In order to get a static set of results, we will use historical data from the dataset.
Run the following commands:
# Load the cluster op commands.
source commands.sh
# First, reset the cluster:
clean-cluster
# Start a new cluster
start-cluster
# wait for cluster to start
sleep 5
# Seed historical data instead of real-time data
seed-kafka
# Recreate trip data table
psql -f risingwave-sql/table/trip_data.sql
# Wait for a while for the trip_data table to be populated.
sleep 5
# Check that you have 100K records in the trip_data table
# You may rerun it if the count is not 100K
psql -c "SELECT COUNT(*) FROM trip_data"
This question is just a warm-up to introduce dynamic filter, please attempt it before viewing its solution.

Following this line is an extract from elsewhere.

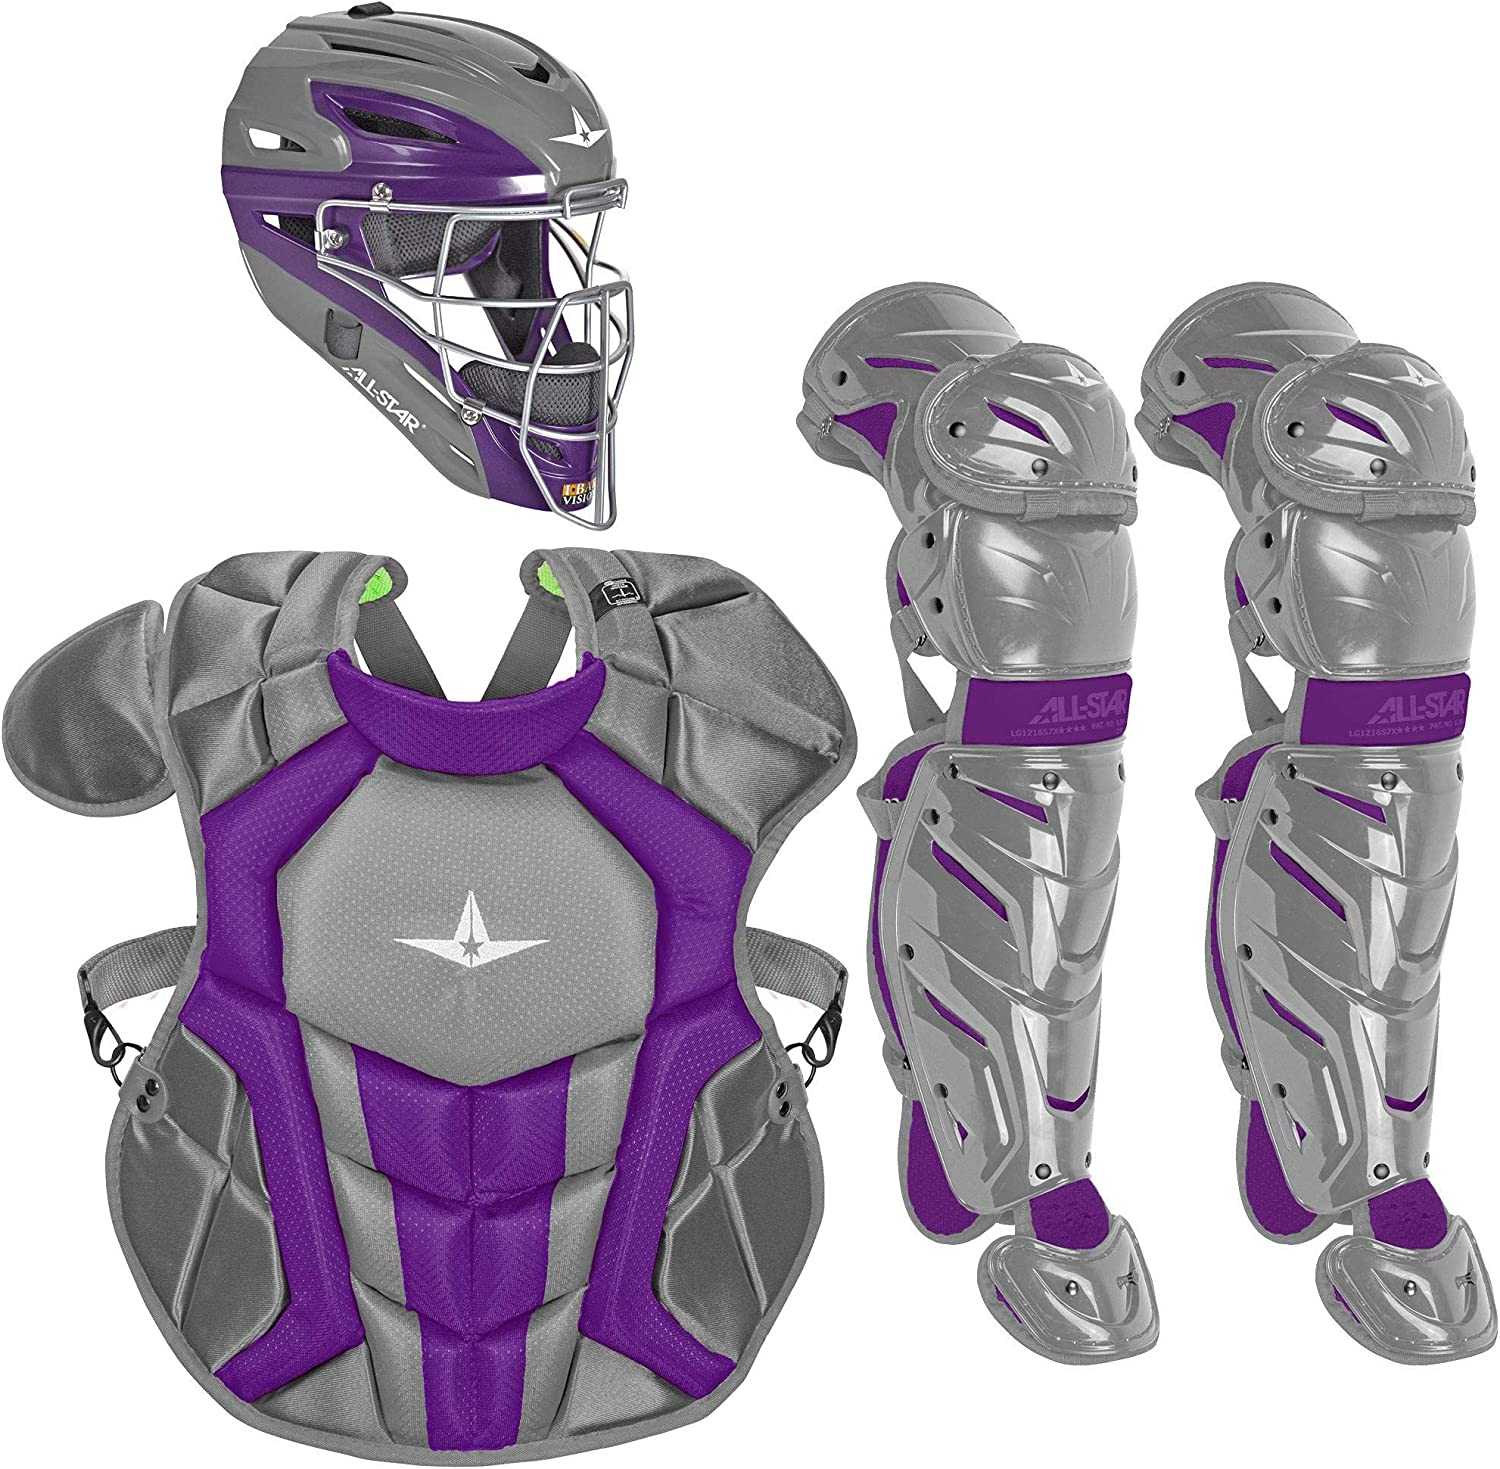 All-Star System 7 Certified NOCSAE Young Pro Catcher's Set (Ages 12-16) - Graphite Purple" - "HIT a Double

What are the dropoff taxi zones at the latest dropoff times?
For this part, we will use the dynamic filter pattern.
Solution
CREATE MATERIALIZED VIEW latest_dropoff_time AS
WITH t AS (
SELECT MAX(tpep_dropoff_datetime) AS latest_dropoff_time
FROM trip_data
)
SELECT taxi_zone.Zone as taxi_zone, latest_dropoff_time
FROM t,
trip_data
JOIN taxi_zone
ON trip_data.DOLocationID = taxi_zone.location_id
WHERE trip_data.tpep_dropoff_datetime = t.latest_dropoff_time;
-- taxi_zone | latest_dropoff_time
-- ----------------+---------------------
-- Midtown Center | 2022-01-03 17:24:54
-- (1 row)
Create a materialized view to compute the average, min and max trip time between each taxi zone.

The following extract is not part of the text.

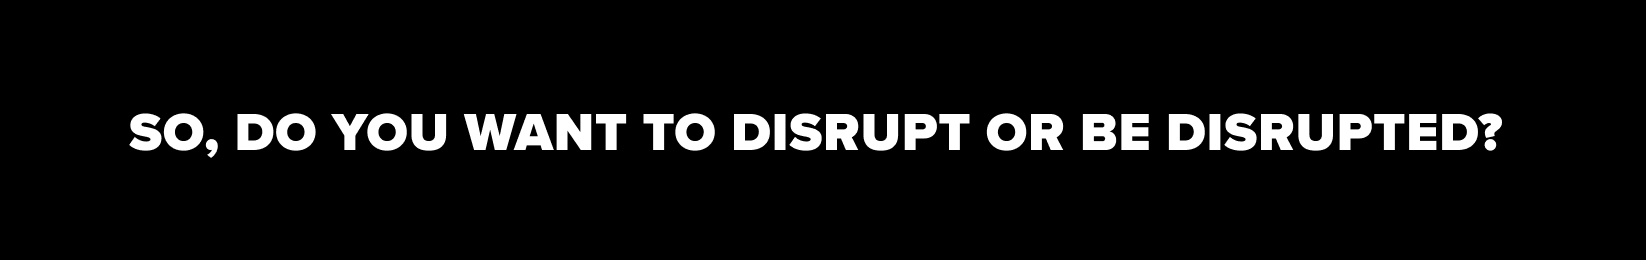 Do you want to disrupt or be disrupted?

Note that we consider the do not consider a->b
and b->a
as the same trip pair.
So as an example, you would consider the following trip pairs as different pairs:
Yorkville East -> Steinway
Steinway -> Yorkville East
From this MV, find the pair of taxi zones with the highest average trip time. You may need to use the dynamic filter pattern for this.
Bonus (no marks): Create an MV which can identify anomalies in the data. For example, if the average trip time between two zones is 1 minute, but the max trip time is 10 minutes and 20 minutes respectively.
Options:
- Yorkville East, Steinway
- Murray Hill, Midwood
- East Flatbush/Farragut, East Harlem North
- Midtown Center, University Heights/Morris Heights
p.s. The trip time between taxi zones does not take symmetricity into account, i.e. A -> B
and B -> A
are considered different trips. This applies to subsequent questions as well.
Recreate the MV(s) in question 1, to also find the number of trips for the pair of taxi zones with the highest average trip time.
Options:
- 5
- 3
- 10
- 1
From the latest pickup time to 17 hours before, what are the top 3 busiest zones in terms of number of pickups? For example if the latest pickup time is 2020-01-01 17:00:00, then the query should return the top 3 busiest zones from 2020-01-01 00:00:00 to 2020-01-01 17:00:00.
HINT: You can use dynamic filter pattern to create a filter condition based on the latest pickup time.
NOTE: For this question 17 hours
was picked to ensure we have enough data to work with.
Options:
- Clinton East, Upper East Side North, Penn Station
- LaGuardia Airport, Lincoln Square East, JFK Airport
- Midtown Center, Upper East Side South, Upper East Side North
- LaGuardia Airport, Midtown Center, Upper East Side North